Cette communauté originale et laborieuse, durant ses cinquante années passées au Khorezm, a réussi à s’inscrire de manière significative dans l’histoire locale et à défendre dignement ses valeurs spirituelles dans des conditions très difficiles.

Grâce à leur attitude tolérante envers la population autochtone, ils ont gagné un respect et une bienveillance que les Khorezmiens continuent d’apprécier aujourd’hui. Ces derniers ne disent que du bien des Mennonites et rendent hommage au bon nom et au souvenir béni que les « Mennonites d’Ak-Mechet » ont laissés derrière eux.

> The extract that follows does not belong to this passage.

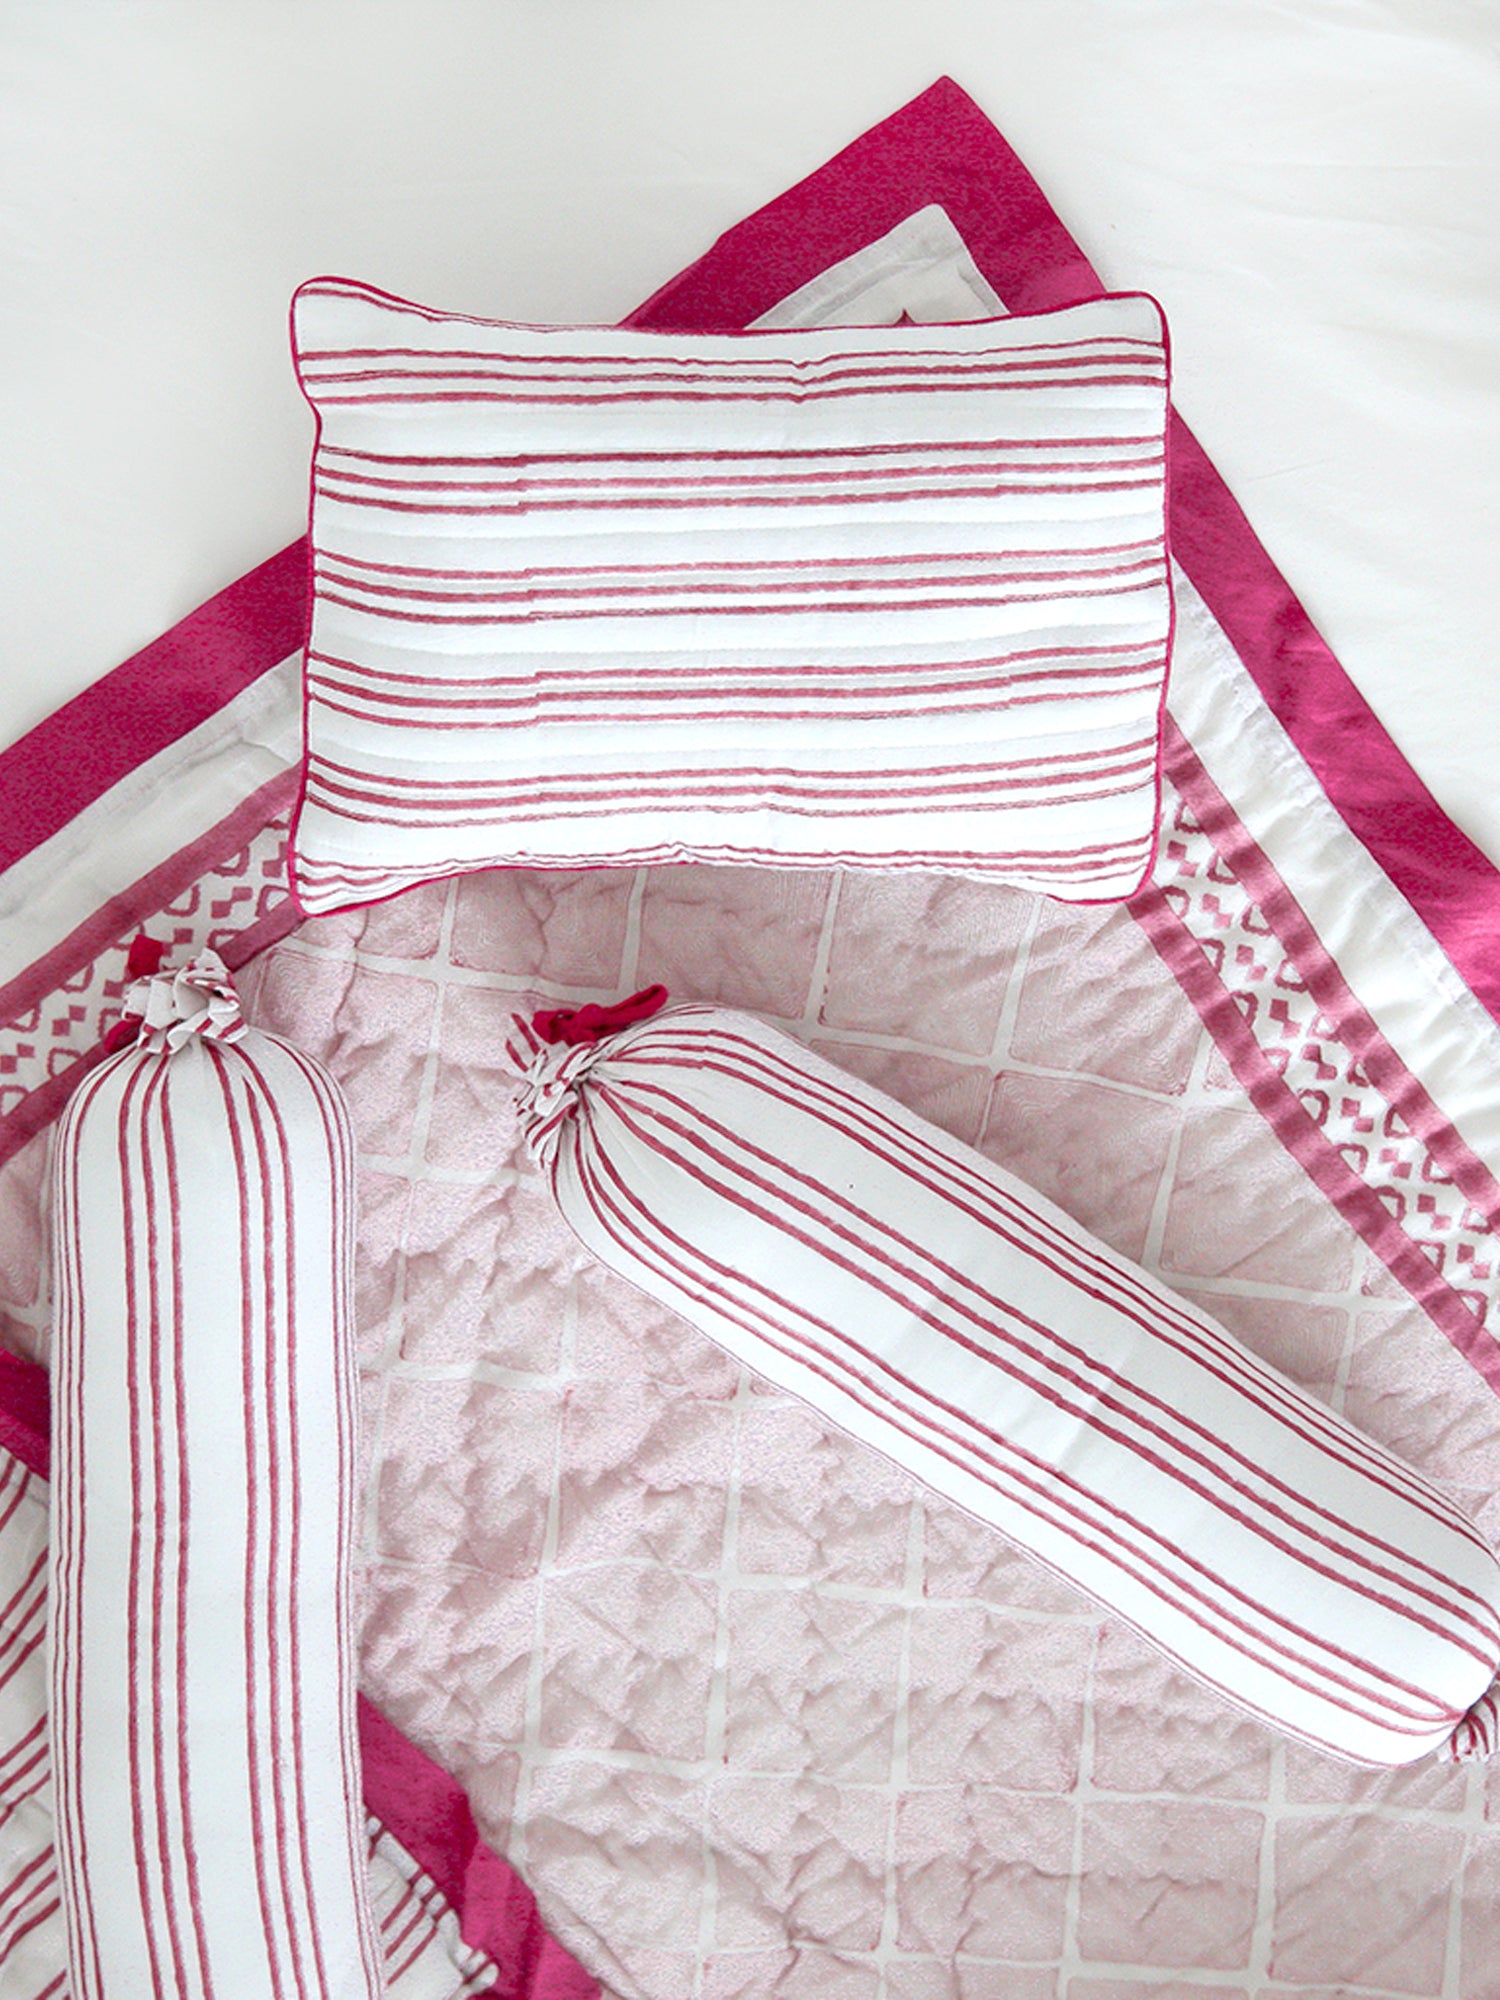 Cairo Pink Cotton Quilt
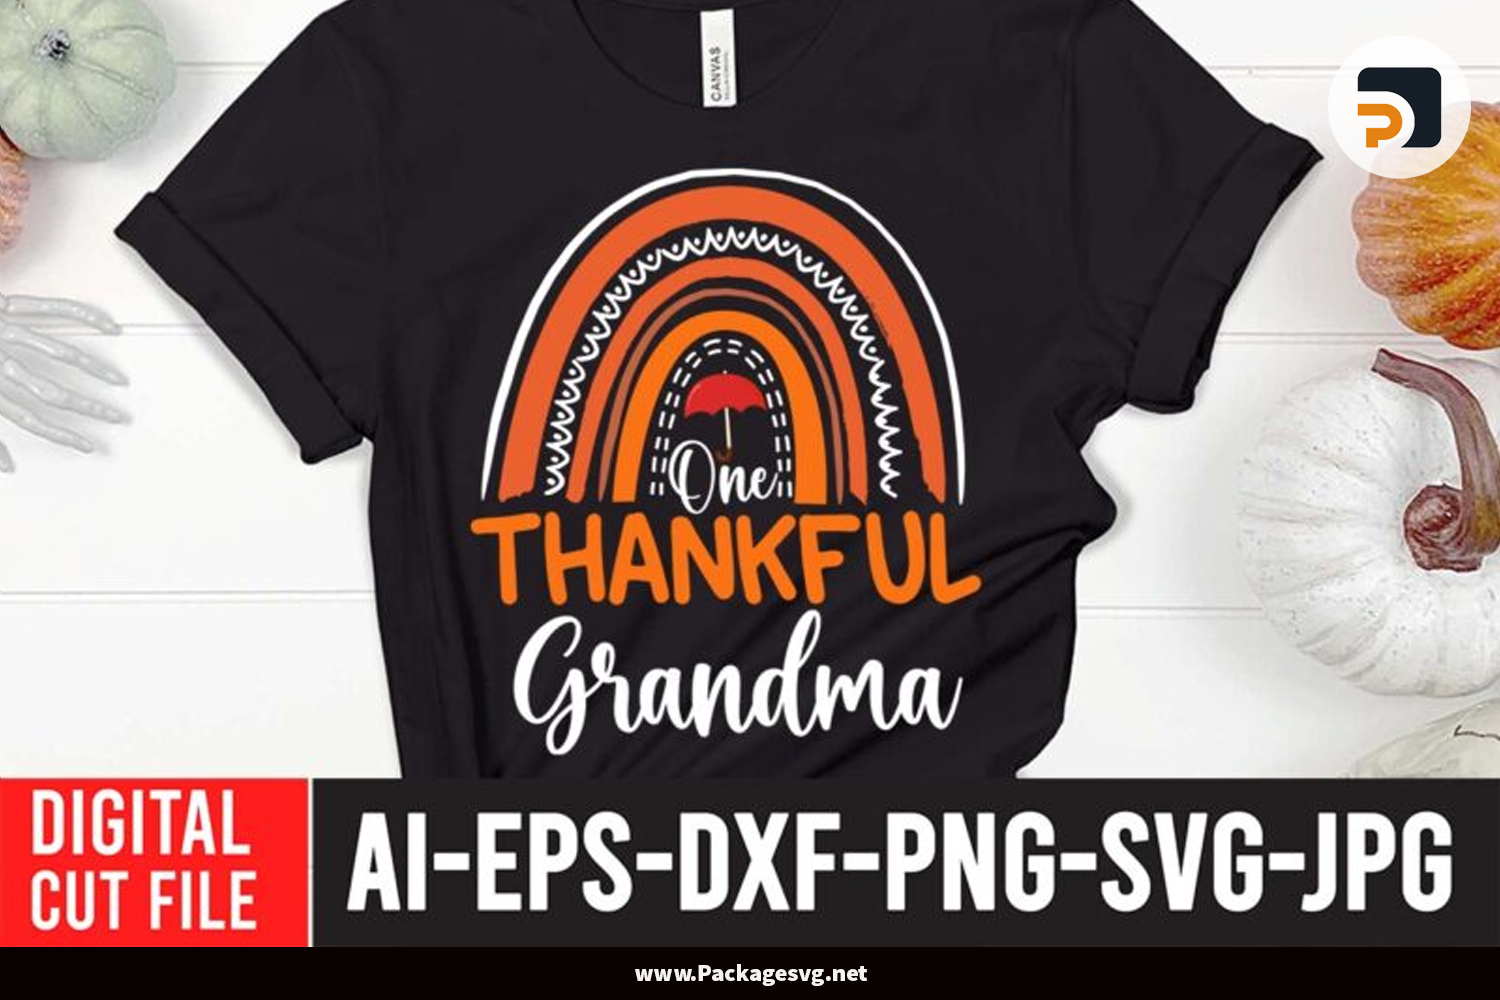 One thankful grandma SVG PNG JPG DXF EPS AI

C’est sans doute pour cela que sur le territoire du village d’Ak Machit, où vécurent les « Mennonites allemands », il a été décidé de créer une reconstitution de leur époque, de reconstruire des bâtiments et autres structures de cette période et de développer des projets pour transformer le village en site touristique.

En 2019, sur le territoire du célèbre musée-réserve d’État d’Ichan-Kala, un musée dédié aux Mennonites a été inauguré. Il présente des illustrations vivantes de l’histoire de centaines de familles allemandes et néerlandaises qui, par la volonté du destin, ont atterri sur la terre du Khorezm.

Au printemps de la même année, le président de la République fédérale d’Allemagne, Frank-Walter Steinmeier, accompagné de son épouse, a visité le centre historique de Khiva – Ichan-Kala – ainsi que le musée des Mennonites allemands. Les invités ont été informés sur le mode de vie et l’histoire des Mennonites allemands, qui ont vécu brièvement dans le khanat de Khiva mais qui ont su gagner une place honorable dans le cœur des habitants, grâce à leur artisanat et leurs qualités humaines véritables, ainsi qu’à la fraternité entre représentants de différentes religions.

« L’Ouzbékistan est un pays extraordinaire. Grâce à l’exemple de la vieille Khiva, nous avons découvert encore plus d’informations sur les coutumes ancestrales et sur le peuple accueillant de cette terre ensoleillée. On nous a parlé des conditions qui ont été créées ici pour l’installation des Mennonites allemands. À cette époque, des personnes d’origines, de religions et de modes de vie différents vivaient en harmonie, ce qui est un exemple vivant de fraternité et d’unité qui règne encore aujourd’hui dans les esprits de nos peuples », a déclaré Frank-Walter Steinmeier.